Do we really need another euphemism for "vanity publisher?"

After two years of fighting against what I considered to be a semantic outrage, I recently caved in, gave in and threw in the towel.

Since many people--and publications ranging from Writers Digest to the Wall Street Journal--think the term "self-publishing company" makes sense, I decided to go along. I am no longer banging my head against an unyielding concrete wall or peeing into the wind, and have moved on to fight other battles.

Lots of companies that have been referred to by detractors as "vanity publishers" or "vanity presses" prefer the "self-publishing company" label.

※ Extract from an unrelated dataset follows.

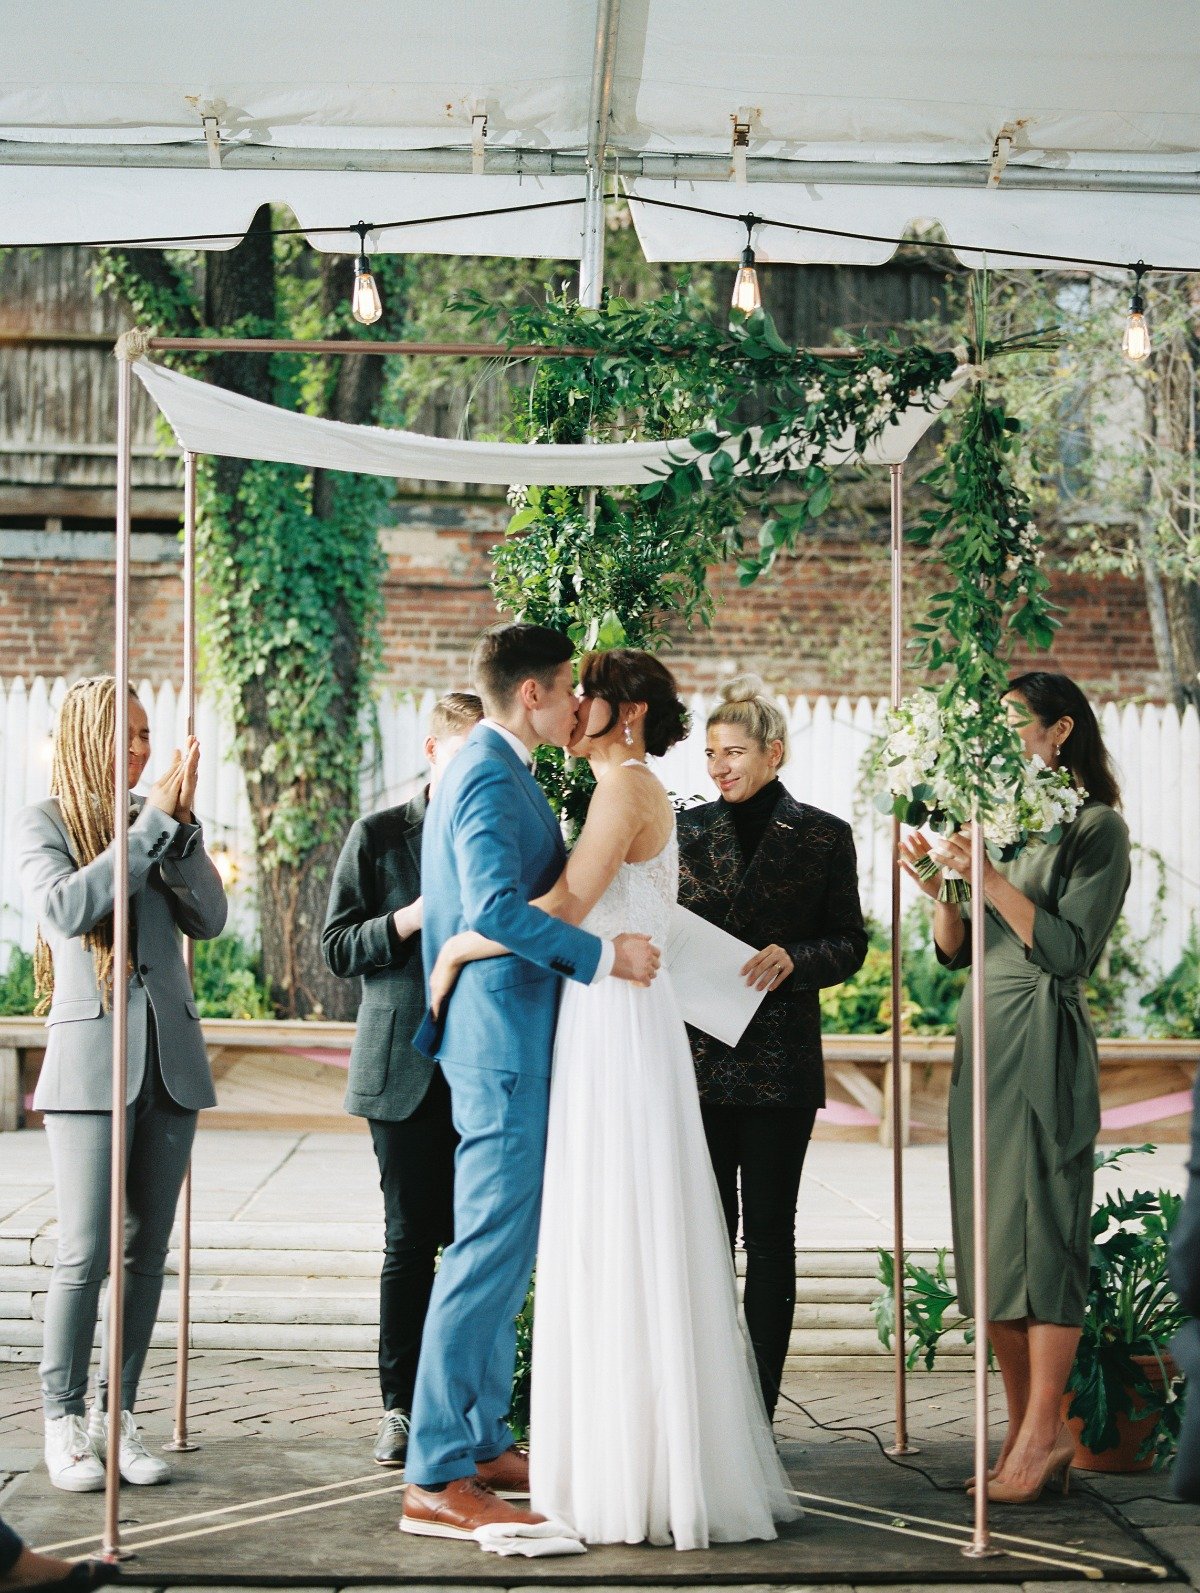 How To Have A Fun and Unforgettable Wedding With Family and Friends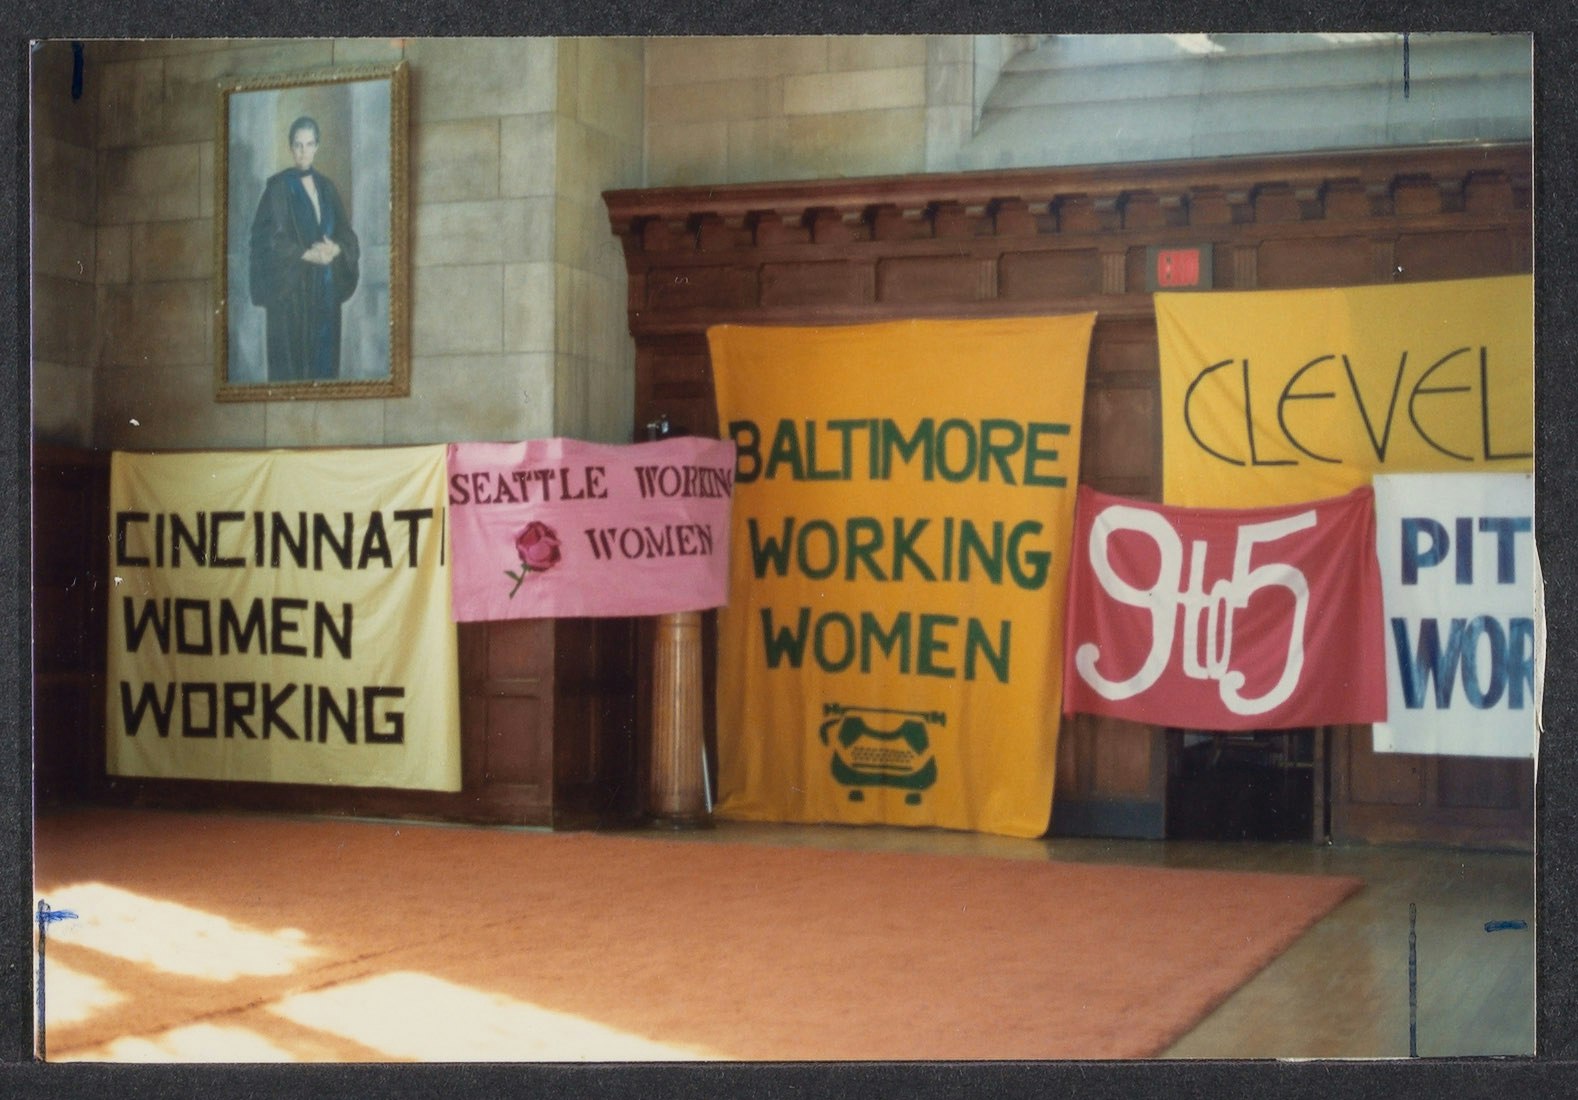 Banners on display at the 3rd annual Working Women's Summer School at Bryn Mawr College

Some of the other labels and descriptions these companies use are: publish-on-demand, print-on-demand, subsidy publishing, alternative publishing, indie book publishing, cooperative publishing, on-demand publishing service, independent publishing, indie, do-it-yourself-publishing, supported self-publishing, joint assisted self-publishing, co-publishing, joint venture publishing, assisted self-publishing, author originated book publishing, hybrid publishing, short-run book printing, custom book publishing, independent self-printing, book publishing services company, provider of services to independent authors, fee-based publishing, and America’s best self-publishing value.

Well, now there's another label.

In her recent Principles of Self-Publishing, Theresa M. Moore (who previously concentrated on vampires and sci-fi) has come up with
self-help publisher.

While I share Theresa's apparent distaste for "self-publishing company," I disagree with her new terminology. The main problem is that the term has already been used many times by publishers of self-help books. Their books help people deal with  problems relating to self-esteem, smoking, addiction, alocholism, bad relationships, anorexia, sleep, bankruptcy, rebelious teenagers, anger, unemployment, ugly houses, malfunctioning motorcycles, and more.

Google shows nearly 8,000 links for the term, and most of them are to companies like New Harbinger Publications, which publishes self-help books.

Ironically, Author House and Balboa Press advertise that they'll help you to self-publish a self-help book.

Apparently, Theresa would say that these companies are self-help publishers of self-help books. That's too damn complicated for me. I'll stay with "self-publishing company," a least for now.